# Required work
Excluding pictures, what does the listing below contain from the line with "La méthode sans" up to and including the line with "Red Clay Santa Necklace", word for word?

# Available data
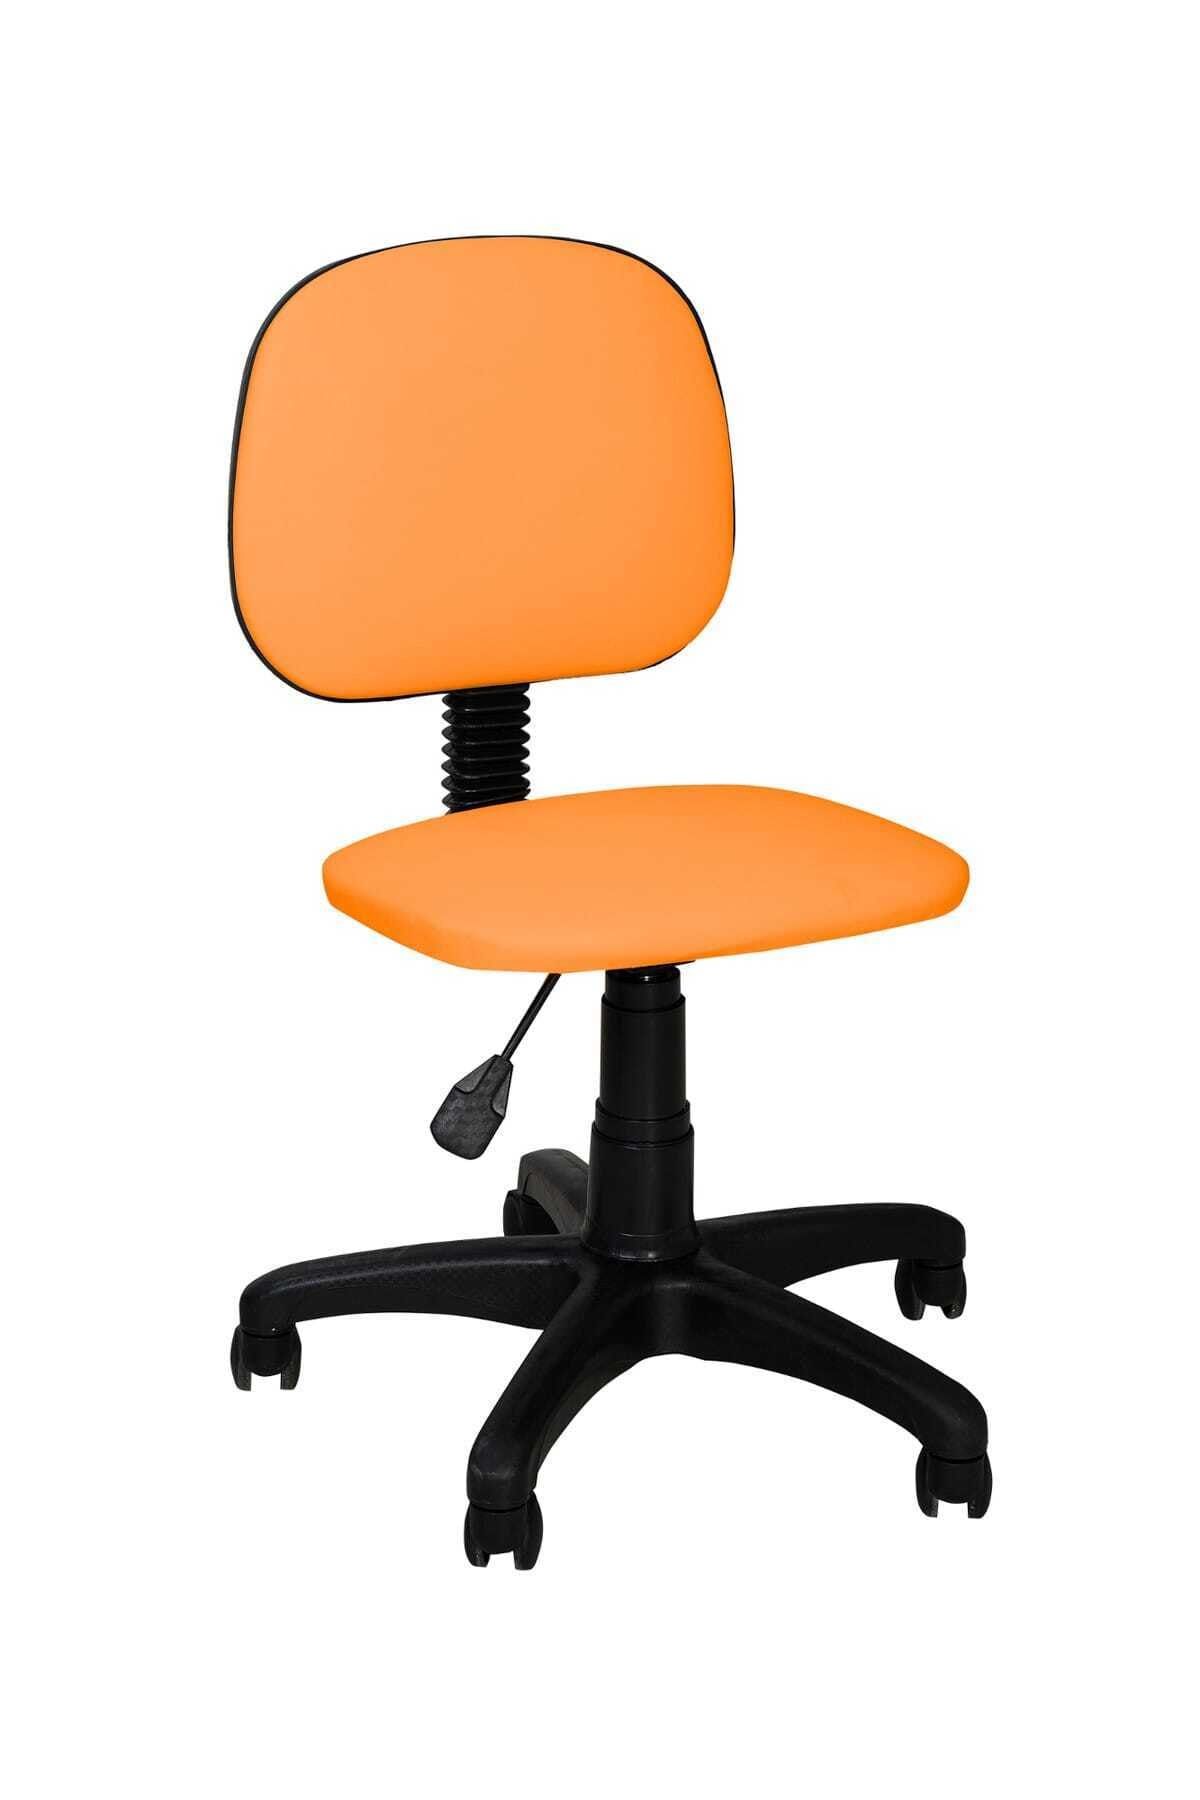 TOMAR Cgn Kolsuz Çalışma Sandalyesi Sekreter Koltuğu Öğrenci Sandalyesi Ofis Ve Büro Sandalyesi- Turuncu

==

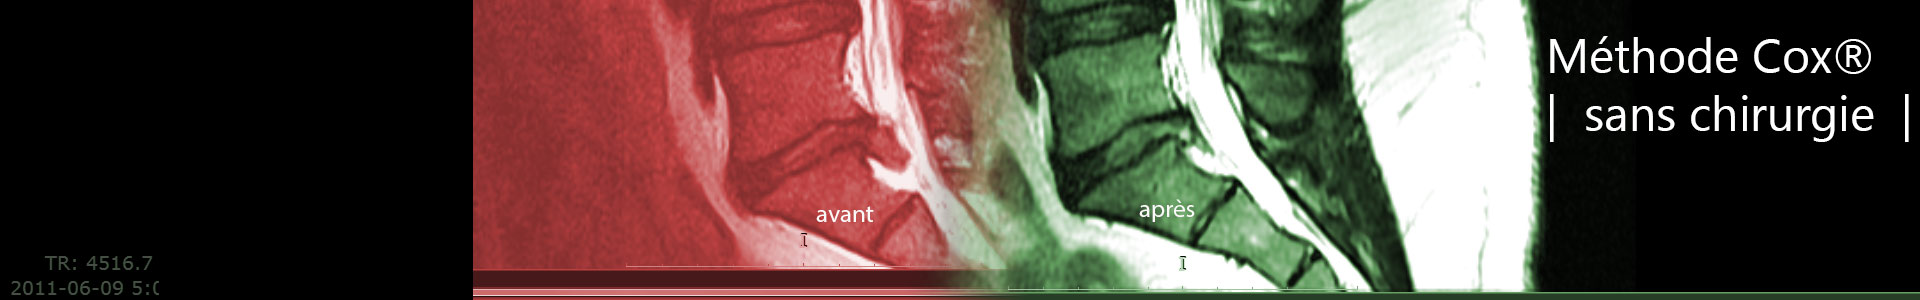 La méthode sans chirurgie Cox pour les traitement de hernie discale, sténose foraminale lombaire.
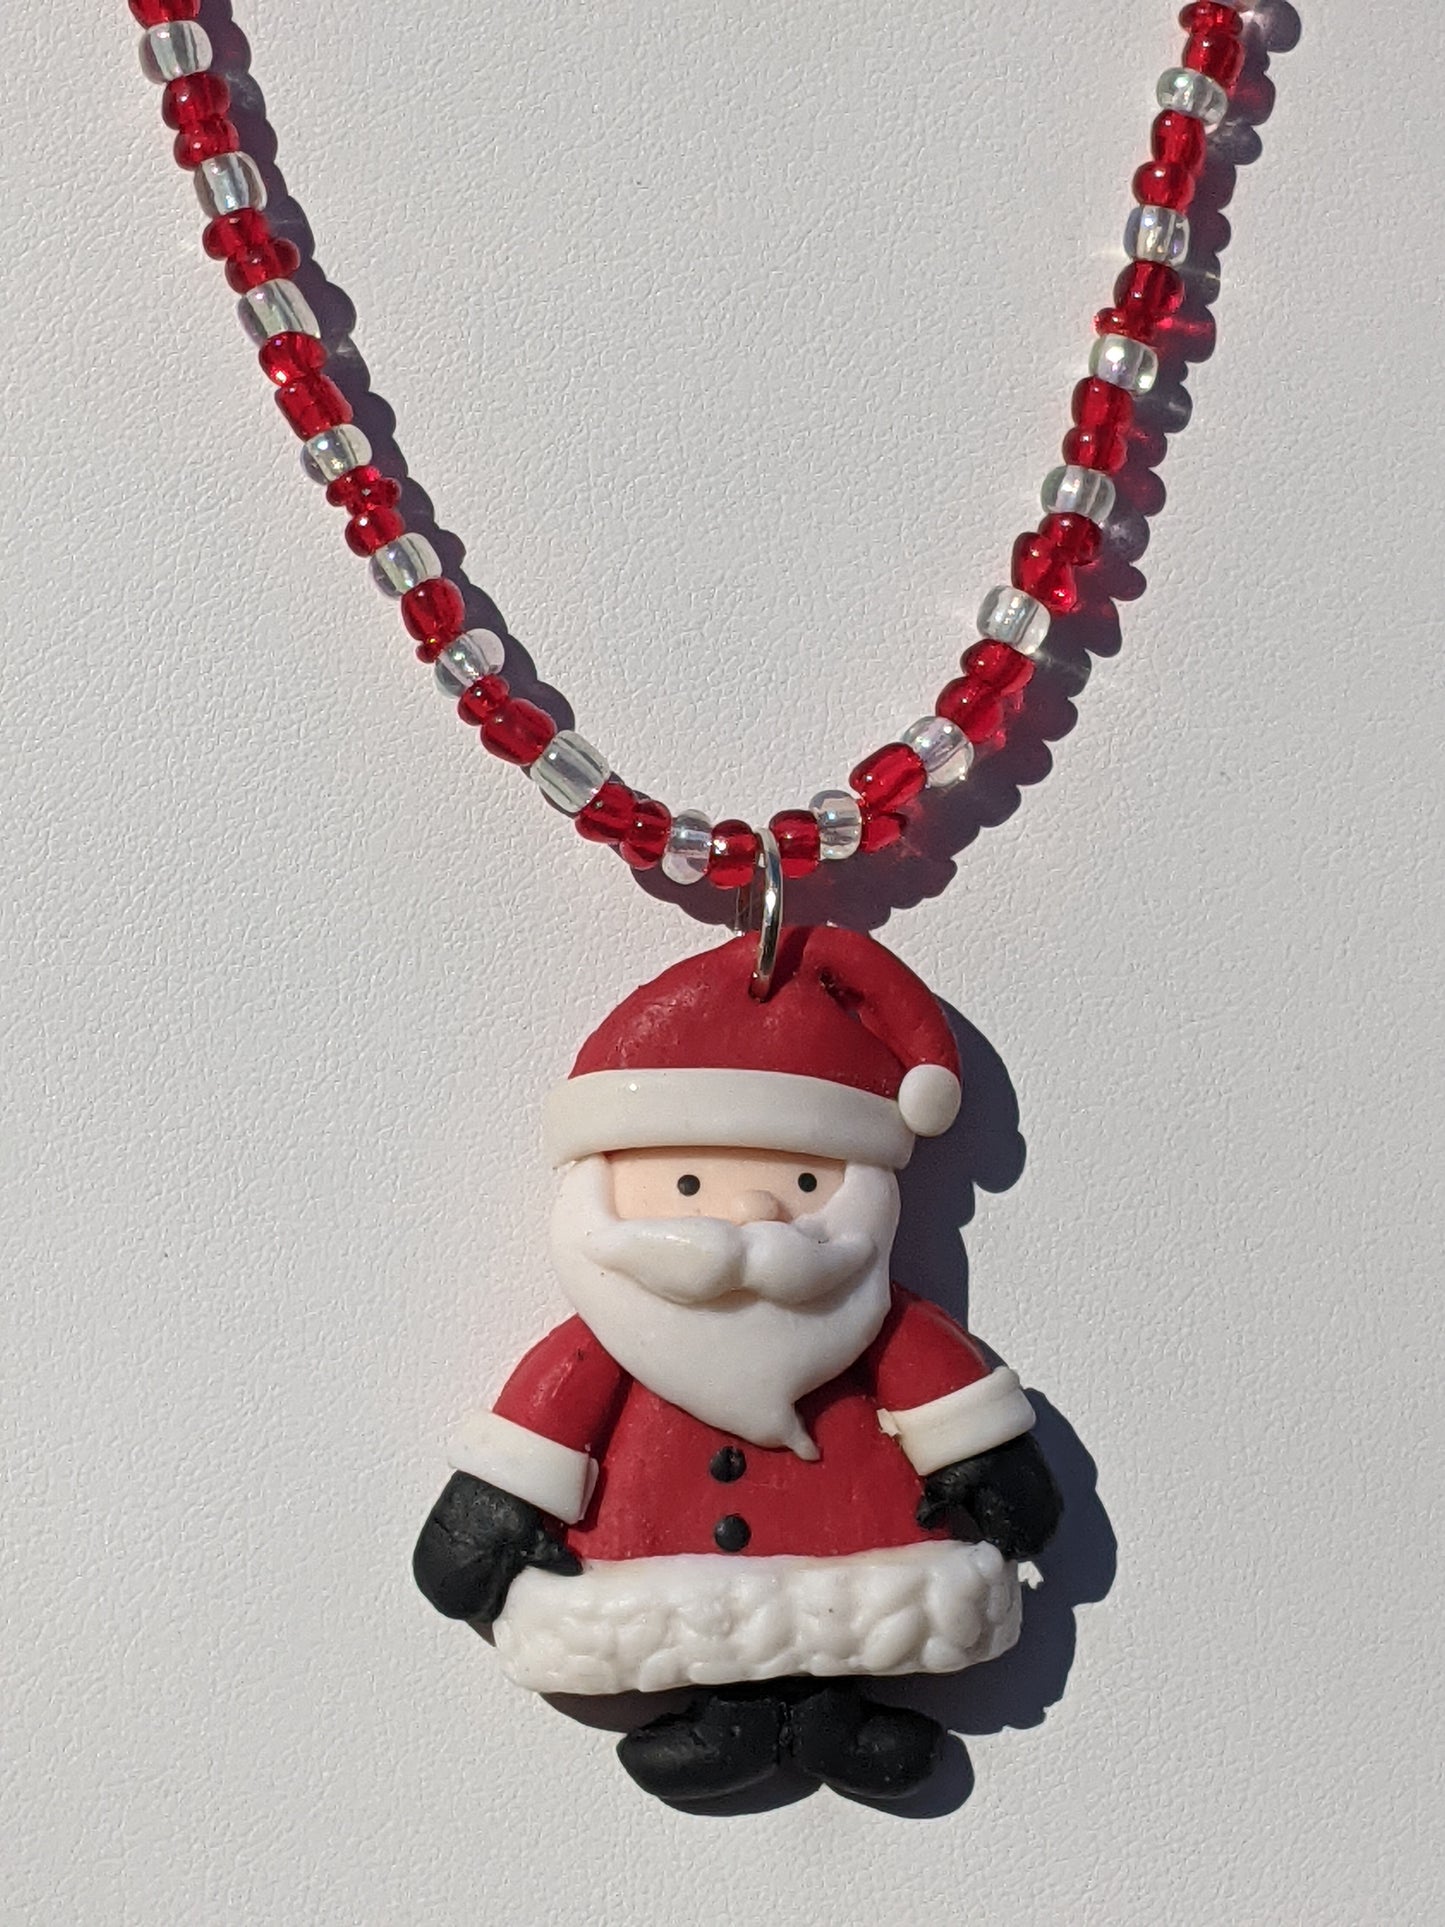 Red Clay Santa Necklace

---

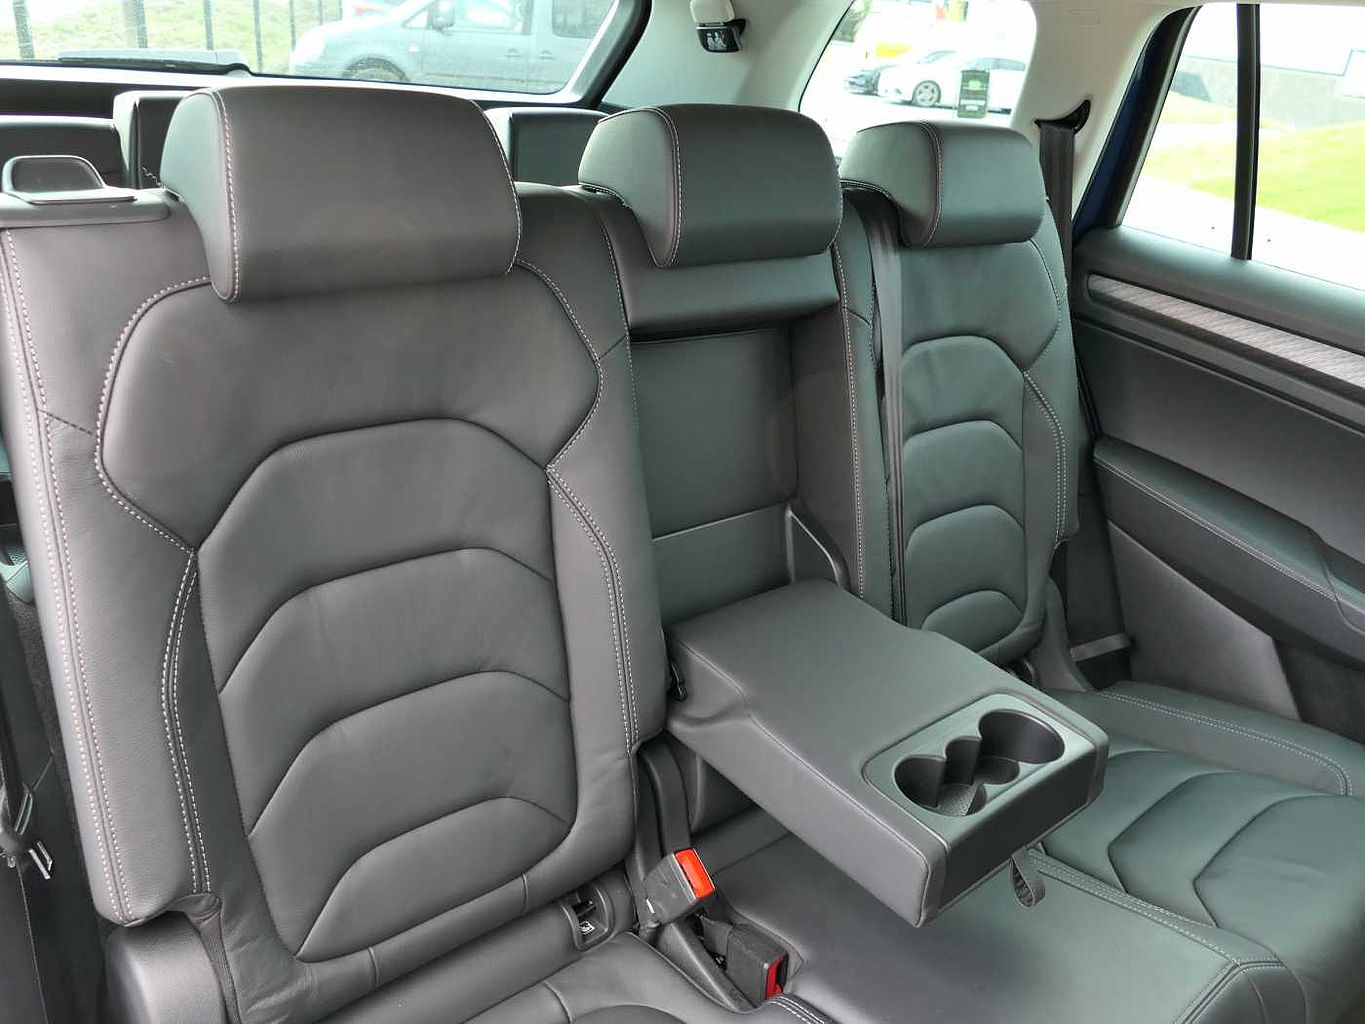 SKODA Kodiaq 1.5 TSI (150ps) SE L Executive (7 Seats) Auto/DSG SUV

# Exercise response
 La méthode sans chirurgie Cox pour les traitement de hernie discale, sténose foraminale lombaire.
 Red Clay Santa Necklace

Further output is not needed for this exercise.